▶ **Activity**
Using the data below, transcribe exactly everything from the line that contains "Rose gold plated ring with eye" down to the line that contains "My Talking Angela". Include both of those lines and none of the pictures.

▶ **Source data**
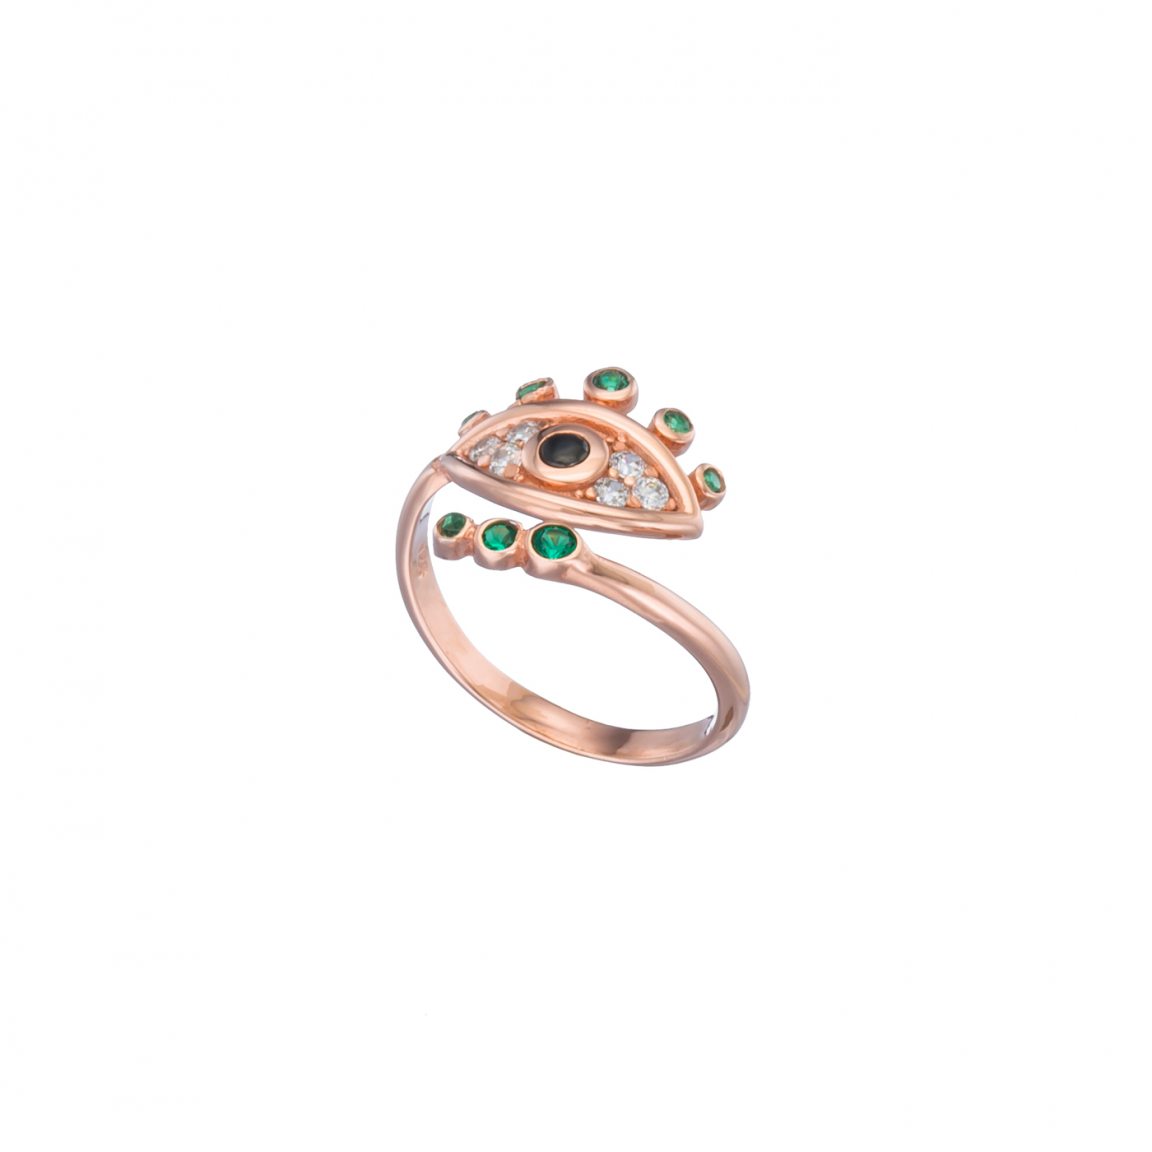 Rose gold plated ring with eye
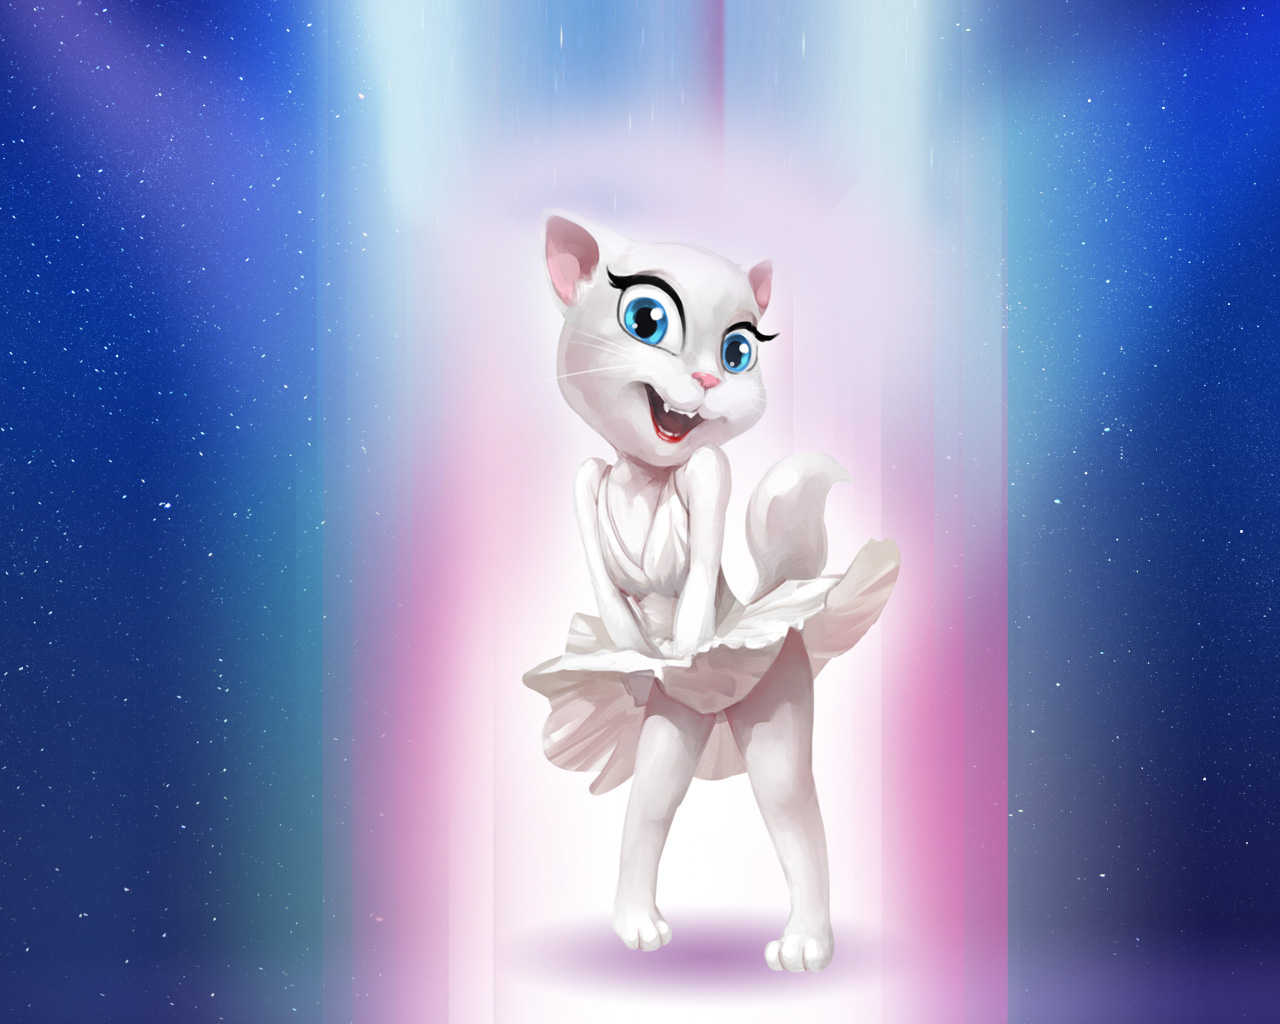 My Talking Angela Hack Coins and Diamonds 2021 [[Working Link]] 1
...
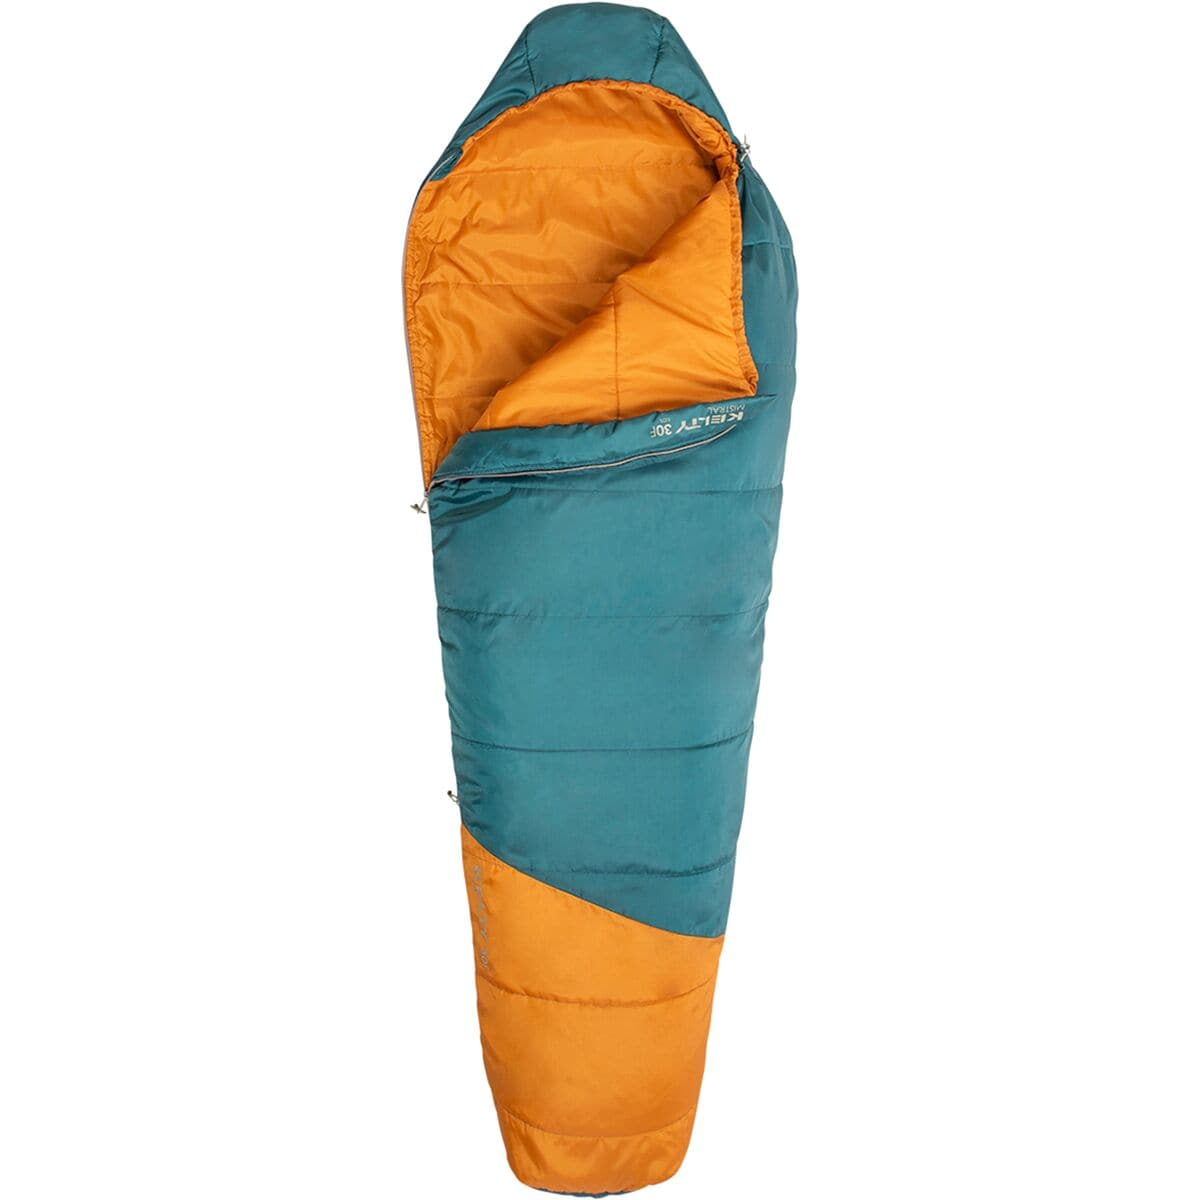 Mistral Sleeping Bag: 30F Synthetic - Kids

▶ **Answer section**
 Rose gold plated ring with eye
 My Talking Angela Hack Coins and Diamonds 2021 [[Working Link]] 1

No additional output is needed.